Inter CEO Beppe Marotta feels that foreign investment in Italian football will be hugely important for long-term financial sustainability.

Speaking at the book launch for journalist Marco Bellinazzo’s new book “The New Wars of Football,” as reported by FCInter1908, the Nerazzurri CEO also gave his thoughts on the failed Super League project.

The financial issues that Italian football as a whole is dealing with is no secret.

Inter’s financial problems since the beginning of the pandemic have been widely reported, whilst other big historical clubs such as Juventus, AC Milan, and Roma have had issues of their own.

A number of solutions have been pursued to mitigate or altogether fix these issues.

However, at the moment the problems very much persist.

Marotta stressed more investment as something that football clubs in Italy will need to survive, whilst he also feels that the Super League problem was a desperate attempt by the clubs to bring in a new model whose revenue can keep up with their spending.

The CEO said of the Super League that “The Super League got off to an embryonic start, with several Premier League teams who then walked out immediately.”

“It was nothing more than a cry for help,” he continued, “today there are three clubs still left.”

Marotta argued that the Super League was about “The search for sustainability, above all.”

“But also competitiveness,” he continued, “in a European context where models other than the Premier League are struggling, with the exception of the German one which has very particular rules regarding ownership – there there is a very strong bond between clubs and fans.”

“Meanwhile Italy, Spain, and France are struggling greatly.”

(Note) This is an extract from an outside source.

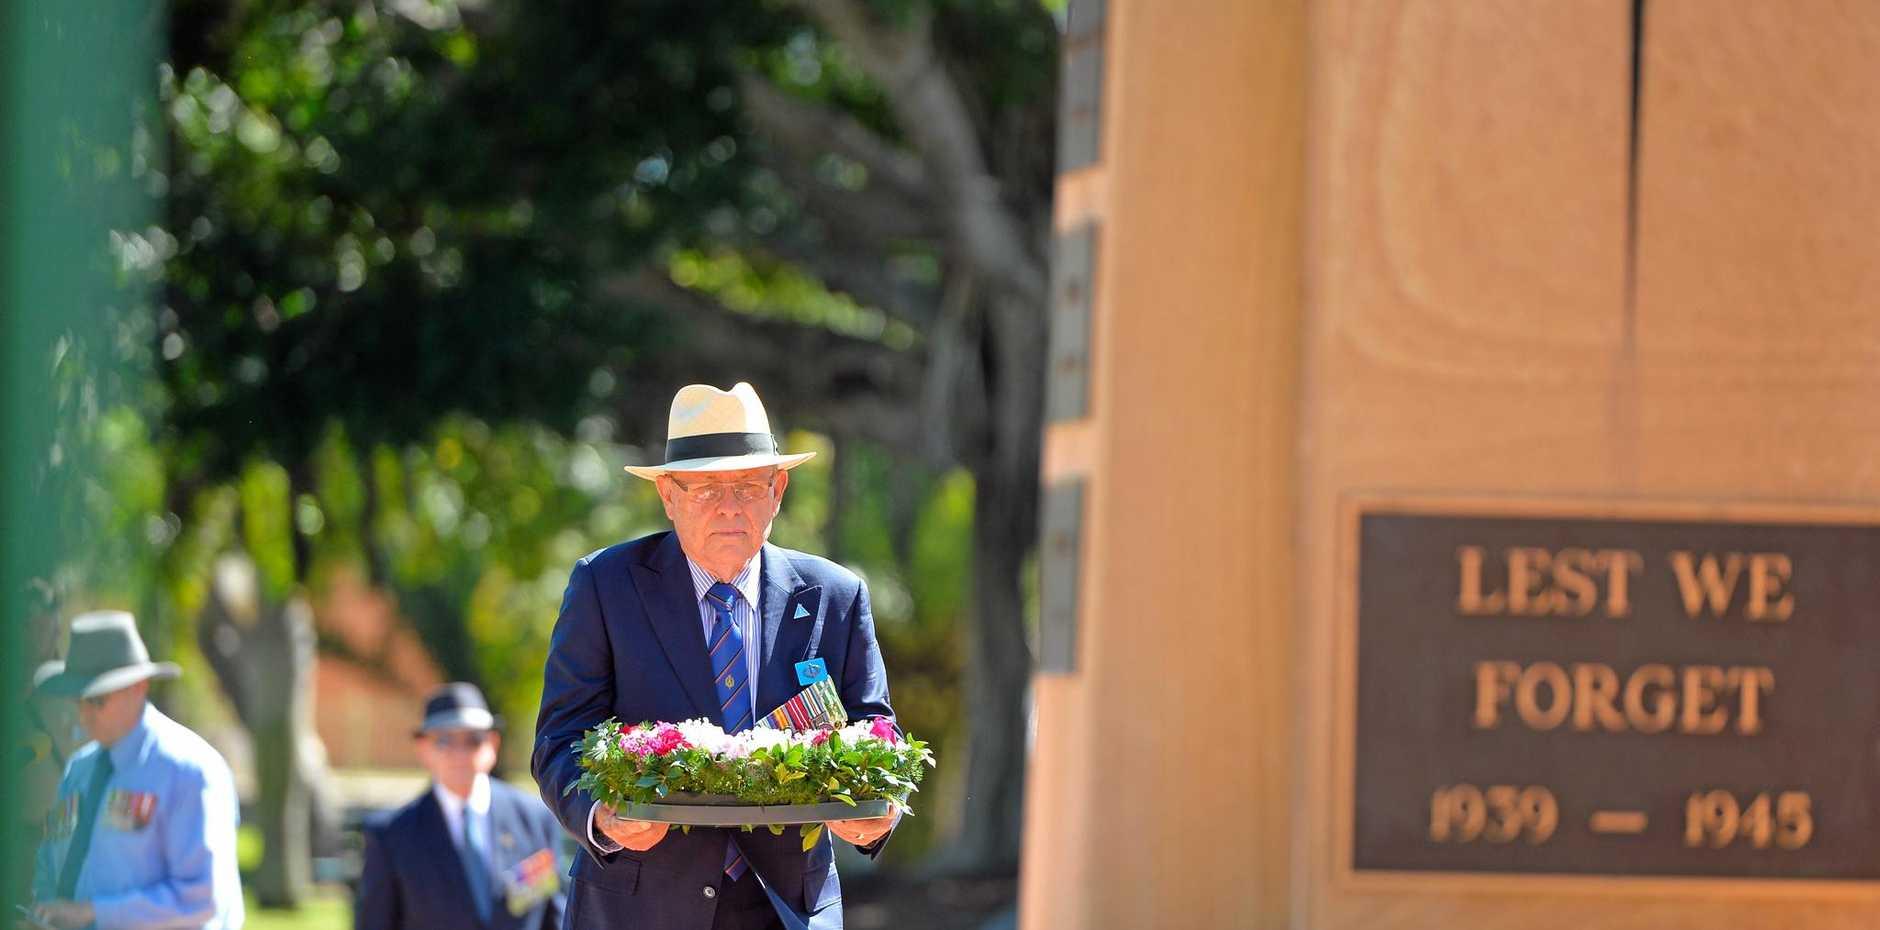 LEST WE FORGET: Vietnam Veterans Day - Anzac Park, Gladstone - August 18, 2017.

“But everything revolves around the quality of the spectacle,” Marotta explained, “if it’s poor, you don’t go to see it, that holds true in football as in movies or theatre.”

“You pay the ticket if there’s an emotional involvement,” he reflected, “faith in the team is a dogma, the real fan follows you even if you wind up in Serie A, but most fans are second-tier ones, in other ones those who are looking for spectacle.”

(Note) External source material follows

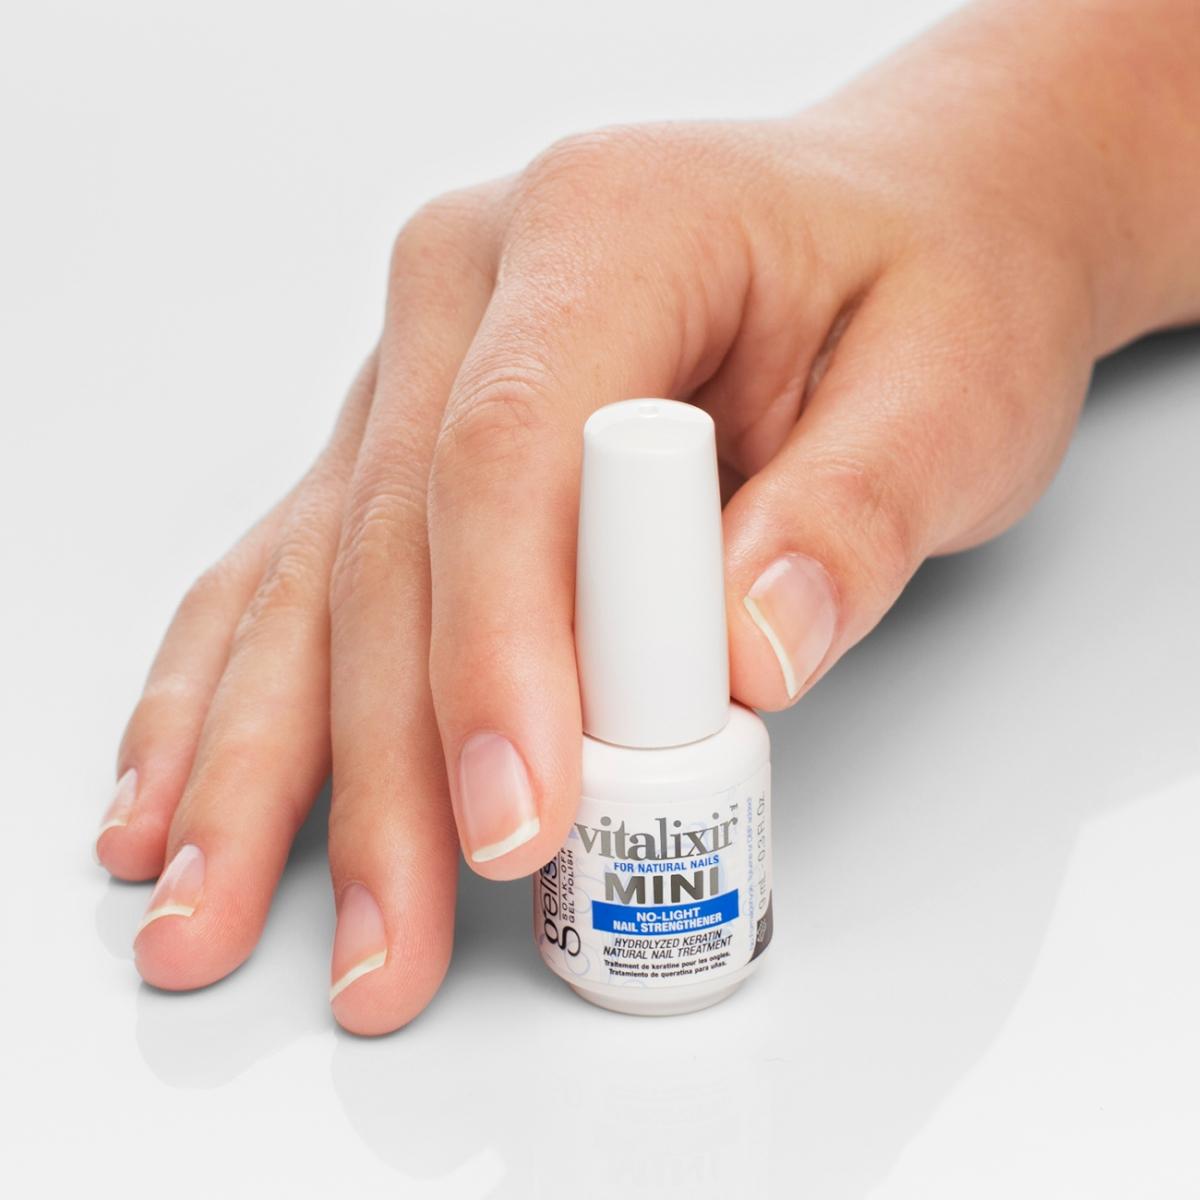 ... Vitalixir No-Light Keratin Natural Nail Treatment

“We have to find an organizational model which also includes foreign investment, which is necessary.”

“If big funds come in to buy the clubs, it’s because they have the cash, which we don’t have today,” Marotta continued.

He continued that “We have remember what a football club is.”

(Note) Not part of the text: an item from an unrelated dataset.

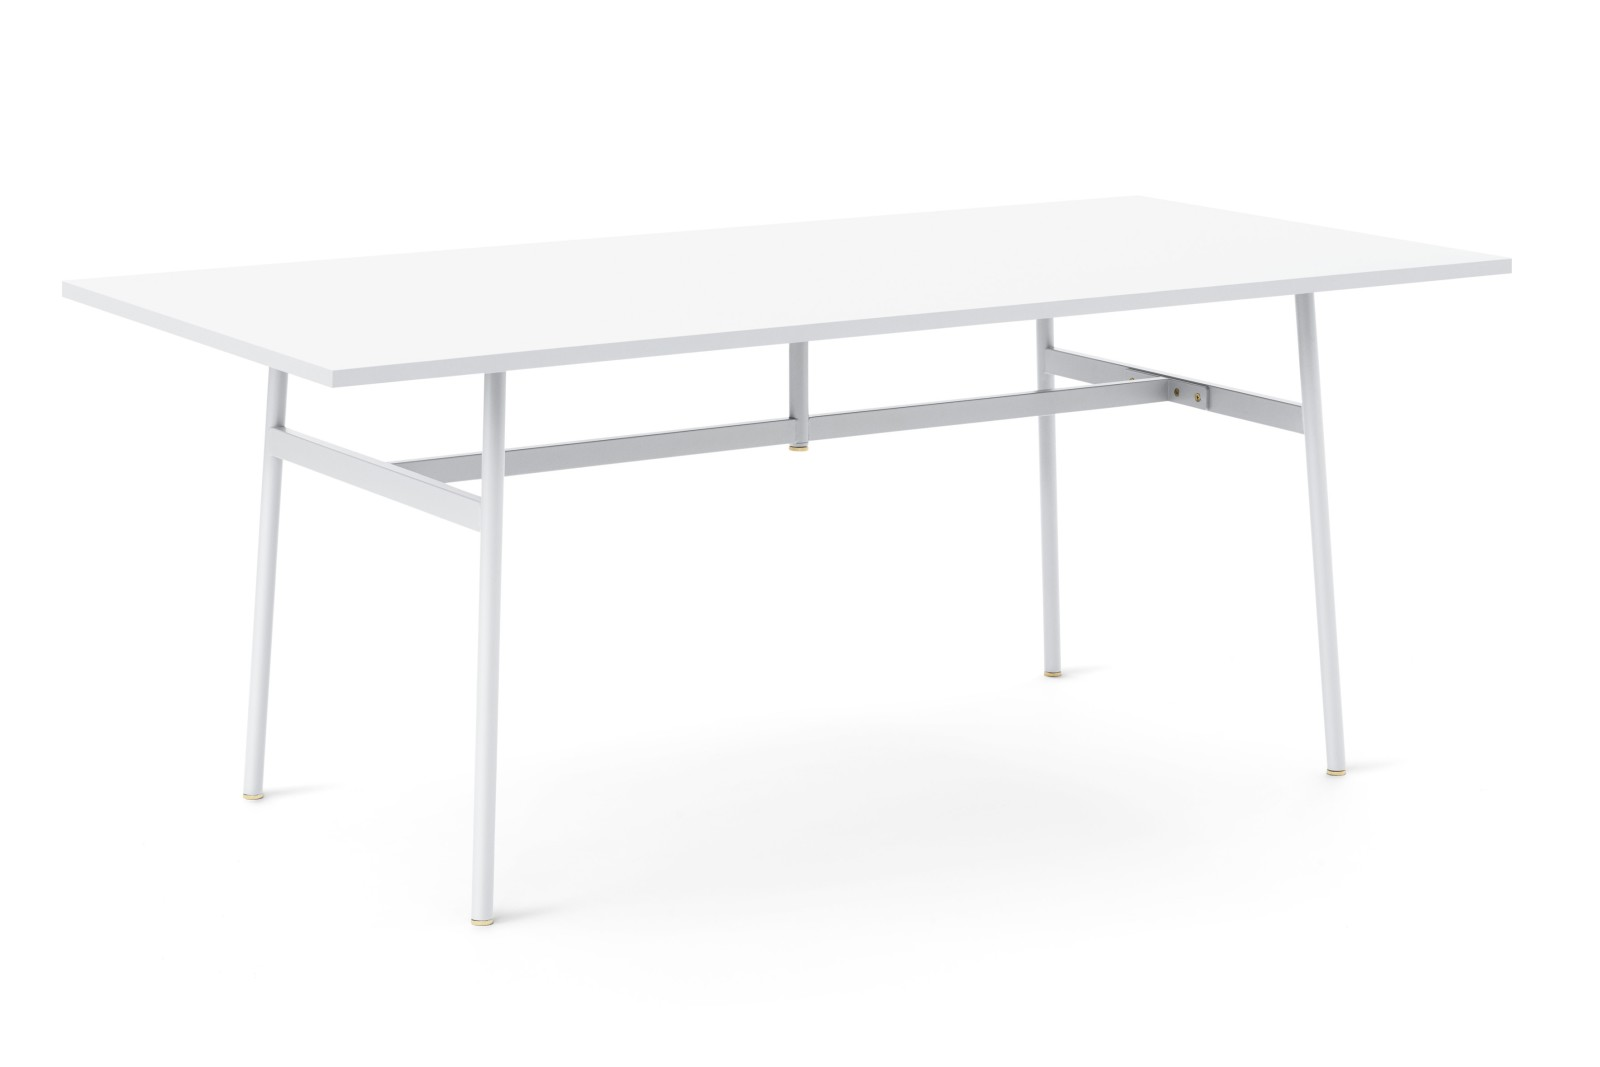 Union Rectangular Dining Table White, 180

“It’s a private company in the public interest.”

“No customers put pressure on the factories that make water bottles or cookies, in football we’re subject to trials every weekend.”

“And this leads to two things,” Marotta continued, “over the years, in the 1980s and 1990s, many clubs’ ownership fell into disarray, because they were unable to hold up under pressure from the fans, and sold a large part of their assets to keep up.”

“Today, if we were to take a hundred fans and ask them whether they want a club who are well-run and finish fifth or sixth in the table, or a team who win but have major budget problems, ninety out of a hundred would answer the latter,” he noted.